II-B2 Network diameter.

The diameter of a network is the longest length of all shortest paths calculated in the network. It reflects the network distance between the two most distant nodes. The intuition of considering this metric is that the network diameter can represent the maximum latency that the local model trained on the data of a client can propagate to all clients in the network.

II-B3 Average length of shortest paths.

The third metric is the average length of all shortest paths in the network. The intuition of considering this metric is that the average length can represent the average latency that a local model can propagate to a random client.

II-C FedLay topology

The FedLay topology is motivated by the research on near-random regular graphs for data center networks [29, 38, 39] and DFL [8, 13]. Recent theoretical studies show that Ramanujan graphs can provide small values of the spectral expander property $\lambda$ and hence achieve ‘optimal’ convergence with a constant node degree $d$ [13]. However, a large Ramanujan graph cannot be generated even by centralized construction. Hence, random regular graphs (RRGs) can be used instead, which are approximately Ramanujan for a large network size $n$ [8]. In addition, prior research on data center networks [29] also shows that near-RRGs achieve the smallest average length of shortest paths among known graphs with a fixed node degree $d$ . Note that RRGs cannot be generated with any deterministic algorithm either. Hence, near-RRGs are usually used in practice, which are considered close enough to RRGs [29, 38]. near-RRGs can achieve ideal values on both the convergence factor and shortest path lengths.

A practical problem is that all existing near-RRGs are constructed by centralized methods [29, 38, 39, 13]. The main challenge of a decentralized construction of near-RRGs is to allow a node to select a neighbor from all other nodes with equal likelihood while this node does not know the entire network. We propose to use a virtual coordinate system to solve this problem, inspired by [38]. Note that [38] is a centralized protocol and our main contribution is a decentralized construction for DFL.

In FedLay, each node computes a set of virtual coordinates $C$ , which is an $L$ -dimensional vector $<x_{1},x_{2},...,x_{L}>$ where each element $x_{l}$ is a random real number in range $[0,1)$ . In practice, $x_{i}$ can be computed as $H(IP_{x}|i)$ where $H$ is a publicly known hash function and $IP_{x}$ is $x$ ’s IP address.
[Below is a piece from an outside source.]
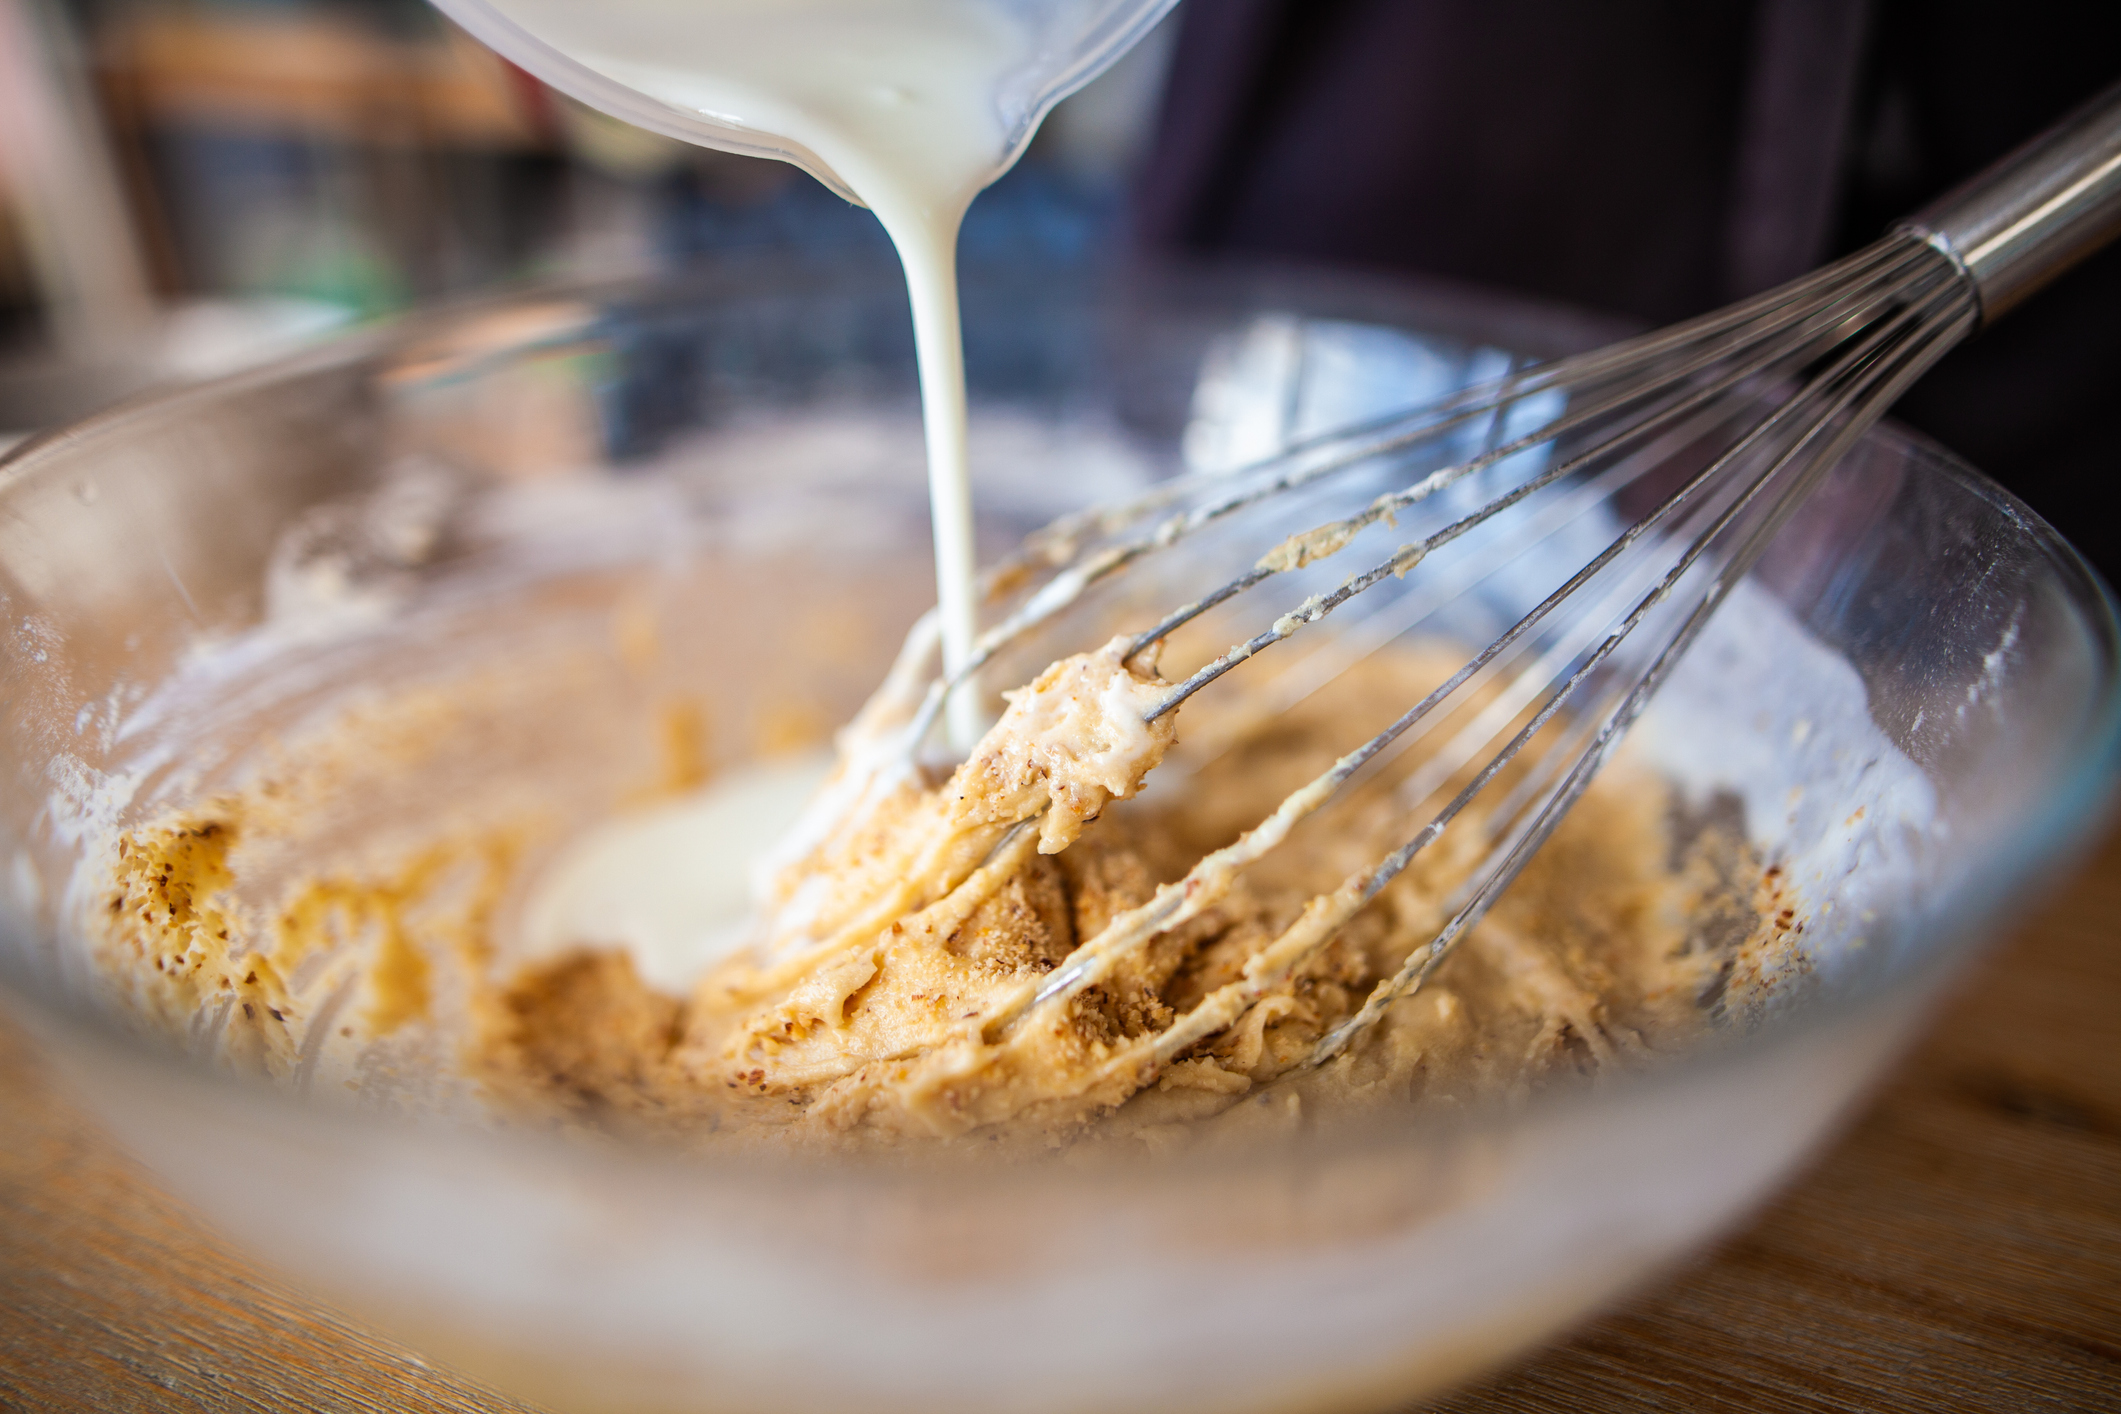 Cups to Grams Conversions for Common Baking Ingredients - Home

We define $L$ virtual ring spaces. In the $i$ -th ring space, a node is virtually placed on a ring based on the value of its $i$ -th coordinate $x_{i}$ . The coordinates of each space are circular, with 0 and 1 being superposed at the top-most point of the ring and 0.5 being the bottom-most point. If the coordinates of two different nodes are identical in one space, their orders on the ring are determined by the values of their IP addresses. For ease of presentation, we assume all coordinates on a ring are different. As shown in the example in Fig. 2, there are 8 nodes and each of them computes a set of two-dimensional random coordinates $<x_{1},x_{2}>$ . There are two virtual ring space as shown in Figs. 2 (a) and (b) and every node is on a position of the $i$ -th ring based on its random coordinate $x_{i}$ . Note, all spaces are virtual and they have no relationship to the geographic locations of the nodes.
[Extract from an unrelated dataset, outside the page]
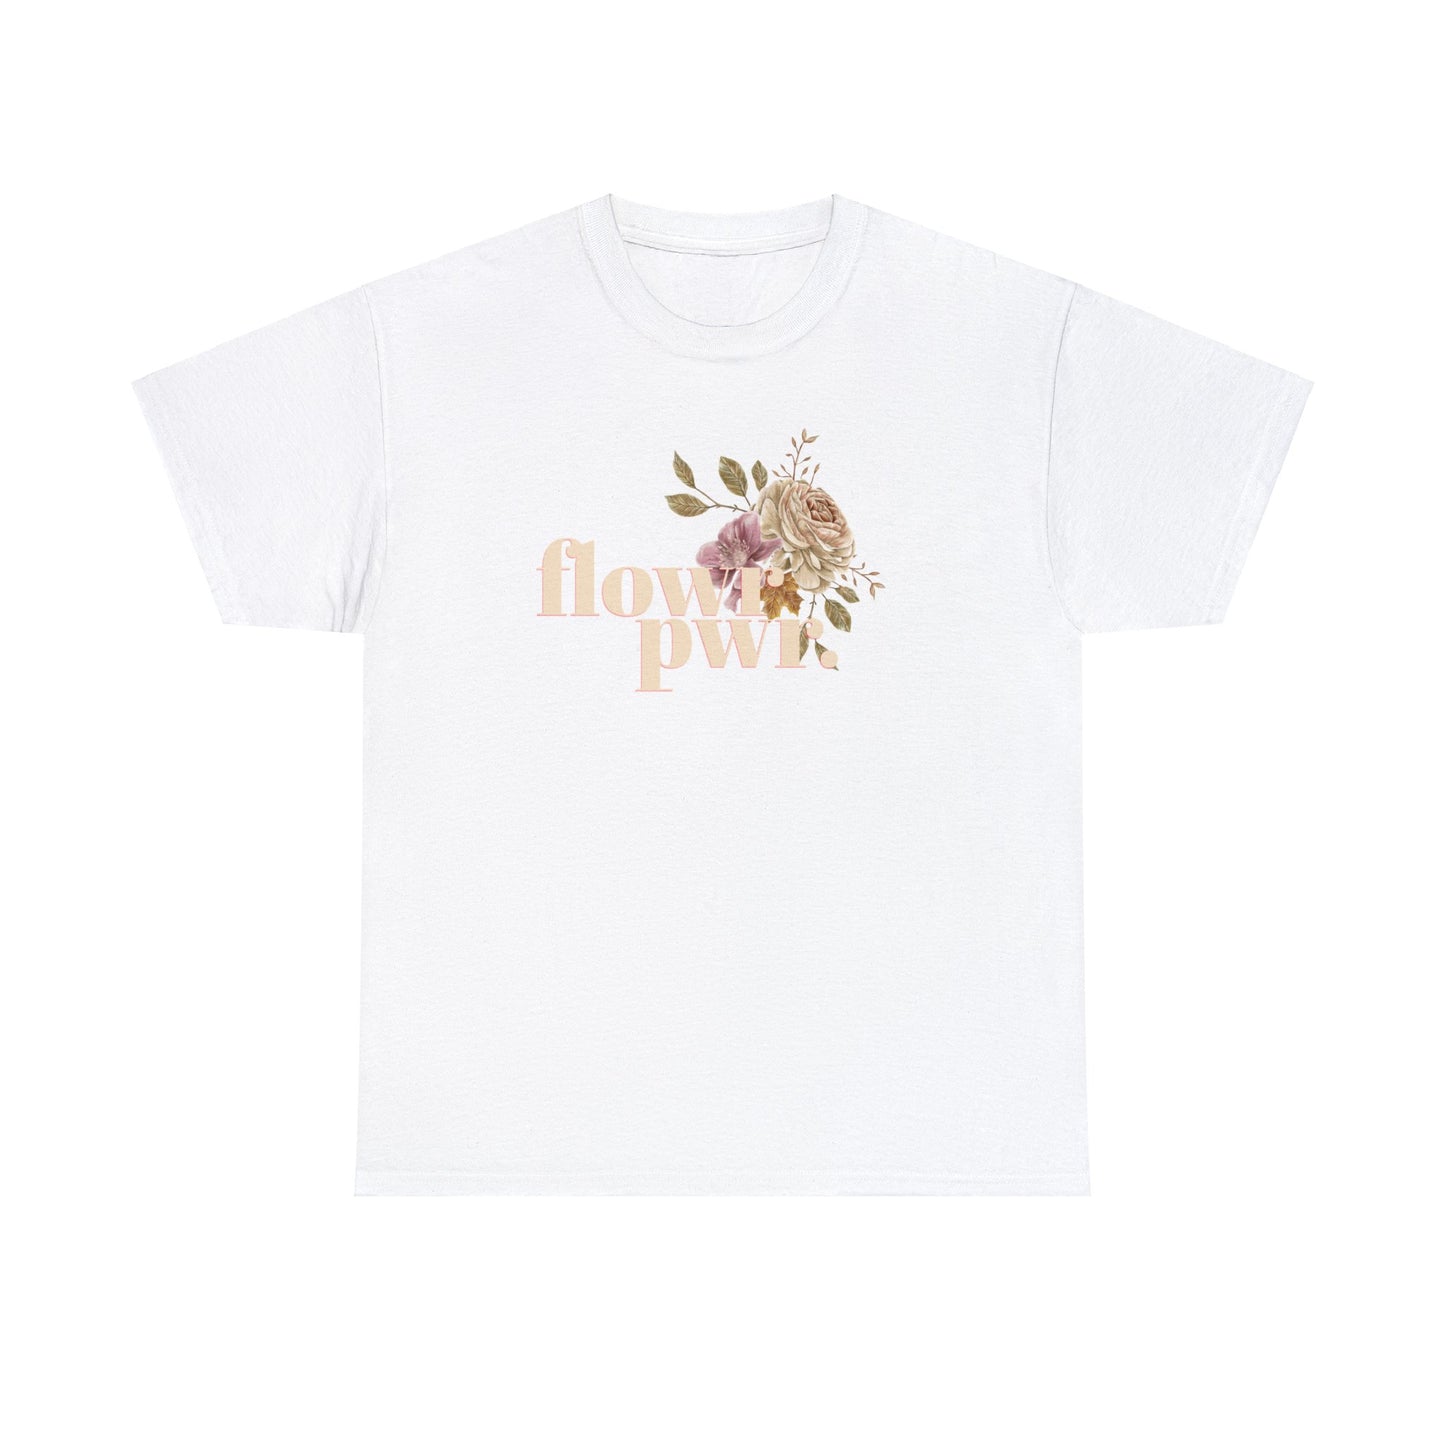 flowr powr.. florist graphic tee - EXPRESS DELIVERY

In each virtual space, every node $u$ has two adjacent nodes on the ring, based on the order of their coordinate values. $u$ will find the adjacent nodes from all spaces as its overlay neighbors (by a decentralized protocol described later) for model exchange. In the example of Fig. 2(c), every node finds its adjacent nodes in two spaces and form the FedLay overlay. So most nodes have four neighbors in the overlay but there are a few ones, like node $B$ , has only three neighbors because $D$ is adjacent to $B$ on both rings. Hence, for $L$ spaces, every node has at most $2L$ neighbors. $L$ can then be considered as a parameter for communication and convergence trade-off: with a bigger $L$ , nodes have more neighbors for model exchanges but increased communication cost.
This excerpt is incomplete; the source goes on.